31st Aug 2023, 21:13

#182 (permalink)

Neo380

Join Date: Nov 2018

Location: UK

Posts: 82

Likes: 0

Received 0 Likes on 0 Posts

Whilst I agree with what you say, this isn't about building two entirely similar, but subtly different systems. It's about how the fail over works, if the system is allowed to crash in the event of this very rare but erroneous data being inputted - then what happens? It goes offline for three hours, we then wait for another four hours for the erroneous data to be 'washed out of the system' aka cleared from local memory, then seven hours later we start clearing the backlog of aircraft, that will take a week?
Safety and mission critical systems - think power systems or train signalling, or even mobile network operations - just can't work like that. The logic has to be 'if route A fails, switch to route B' (which can't just be a carbon copy of route A'); that should allow the erroneous data to be isolated without crashing the entire system. And in the (really!) very exceptional circumstance that both route A and route B end up failing at the same time, there should be a route C fail over to cover that contingency as well.

Just having three identical route As is asking to crash the system, which has now happened, repeatedly.

31st Aug 2023, 21:44

#183 (permalink)

CBSITCB

Join Date: Mar 2016

Location: Location: Location

Posts: 59

Likes: 1

Received 0 Likes on 0 Posts

Quote:

Originally Posted by Neo380

The logic has to be 'if route A fails, switch to route B' (which can't just be a carbon copy of route A')

There was a ‘Route B' - manual ops. Very different, and safe (a point that NATS labours). Nobody died.

Last edited by CBSITCB; 1st Sep 2023 at 11:00. Reason: Typo

31st Aug 2023, 21:48

#184 (permalink)

Neo380

Join Date: Nov 2018

Location: UK

Posts: 82

Likes: 0

Received 0 Likes on 0 Posts

Manual ops is only a fail safe if you expect your entire (mission critical!) ATC system to catastrophically collapse - by which time 'mission critical' no longer applies.

31st Aug 2023, 22:47

#185 (permalink)

Neo380

Join Date: Nov 2018

Location: UK

Posts: 82

Likes: 0

Received 0 Likes on 0 Posts

Quote:

Originally Posted by Abrahn

The scenario you quoted wasn't an extreme edge case. The system was specified to be able to deal with 193 controllers but was only tested with 130. And broke at 153.

To use your analogy that's buying a 4 seater car and only bothering to check that there are 3 seats in it.
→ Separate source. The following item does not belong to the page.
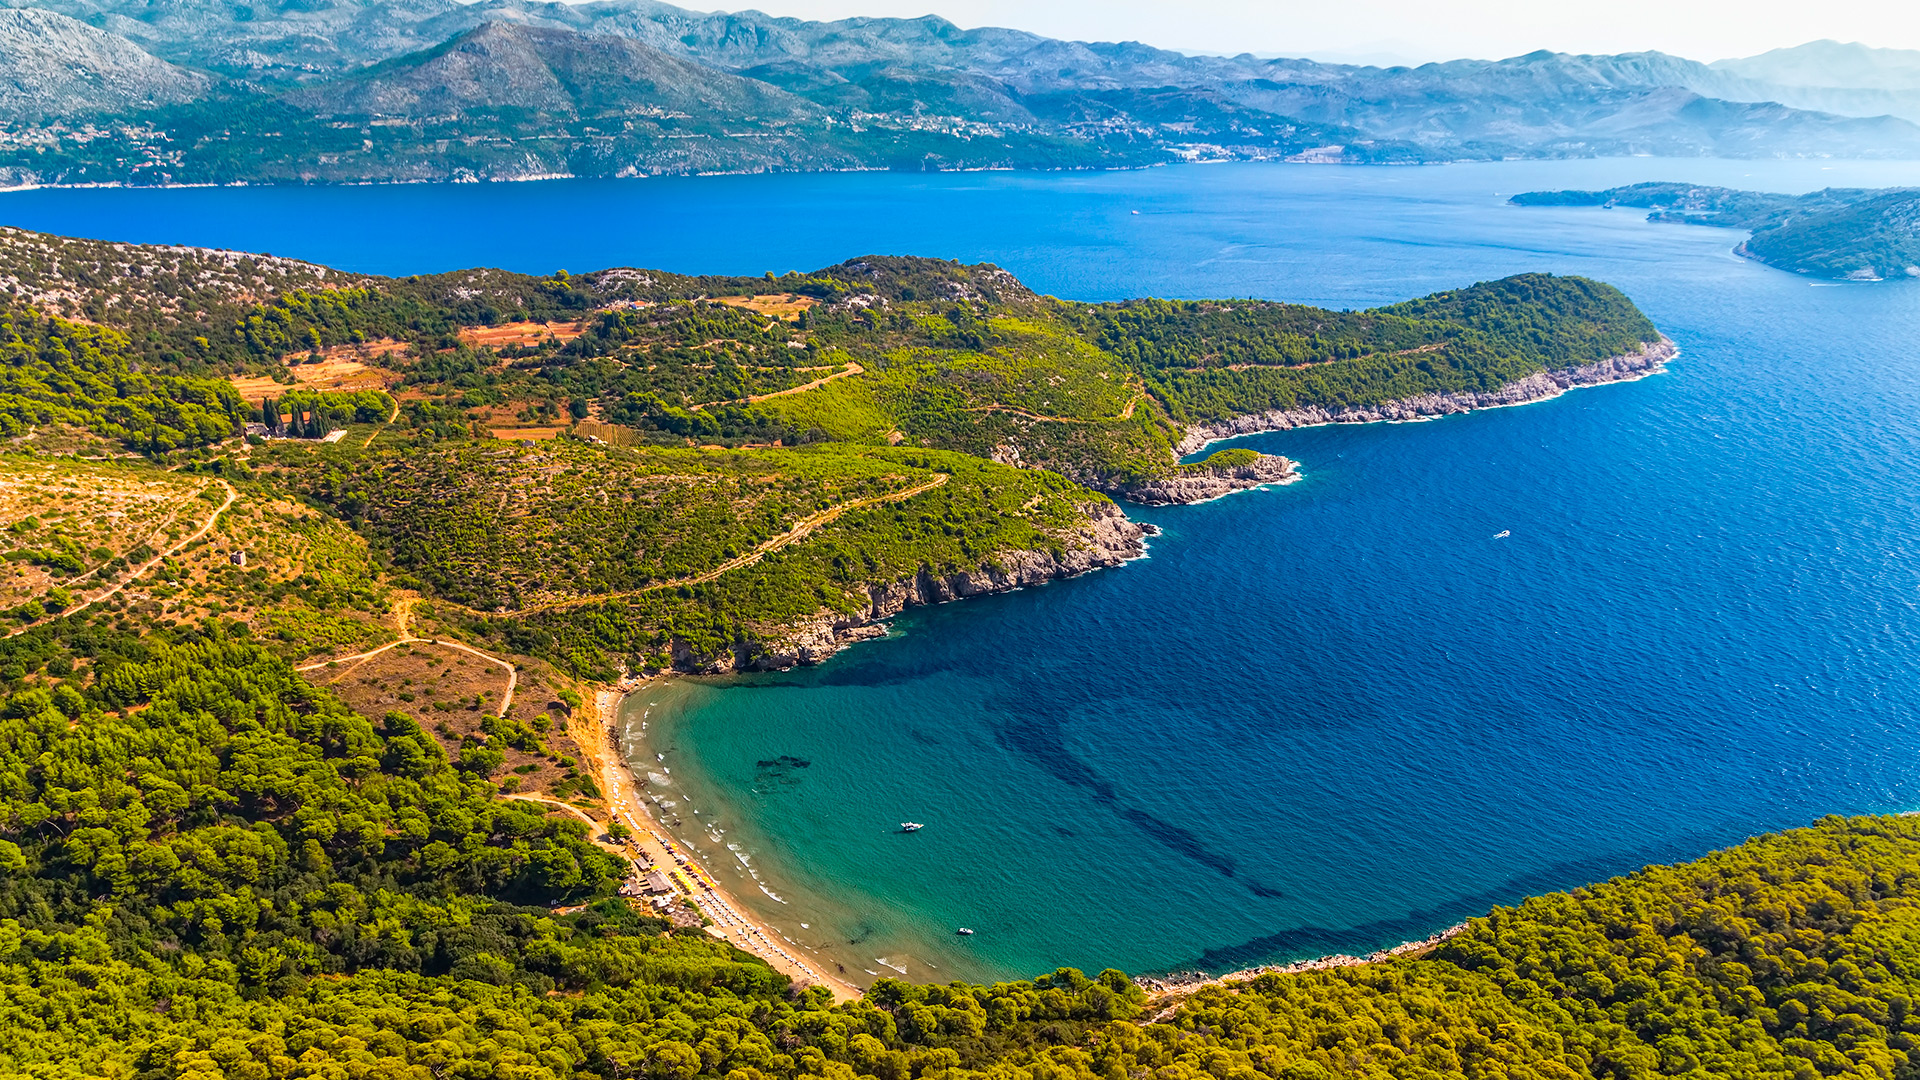 The beach on the Lopud island, Elaphiti archipelago, Croatia - Croatian waters SimpleSail sailing routes

To sharpen the analogy, the system was specified for 193 controllers, was tested for 130, and broke at 153 (unsurprisingly), and then immediately broke again, and then immediately broke again (this is the piece than should be safe guarded against), leading to a complete system collapse, which should absolutely never happen.

1st Sep 2023, 01:11

#186 (permalink)

MarcK

Join Date: Oct 2004

Location: California

Posts: 386

Likes: 0

Received 11 Likes on 8 Posts

Quote:

Originally Posted by Murty

AFTN Message Format
The Message Text ends with the End-of-Message Signal, which is the four characters NNNN. The Ending itself comprises twelve letter shift signals which represent also a Message-Separation Signal..

twelve "letter shift signals"? We're talking Baudot teletype code (5-level, ITA2) here, which has been obsolete for about 60 years.If the system had upgraded to 8-bit codes you could use the specalized message separation characters SOH, STX/ETX, ETB/EOT, not to mention FS/GS/RS/US. I suppose no one wanted to take the hit for suggesting such a radical change.

1st Sep 2023, 07:25

#187 (permalink)

pax2908

Join Date: Aug 2003

Location: FR

Posts: 234

Likes: 0

Received 0 Likes on 0 Posts

Re. #179 (Los Angeles 2014). I would like to try to read the full report if available somewhere?

This in particular:
... exceeded the amount of memory allotted to handling the flight’s data, which in turn resulted in system errors and restarts ...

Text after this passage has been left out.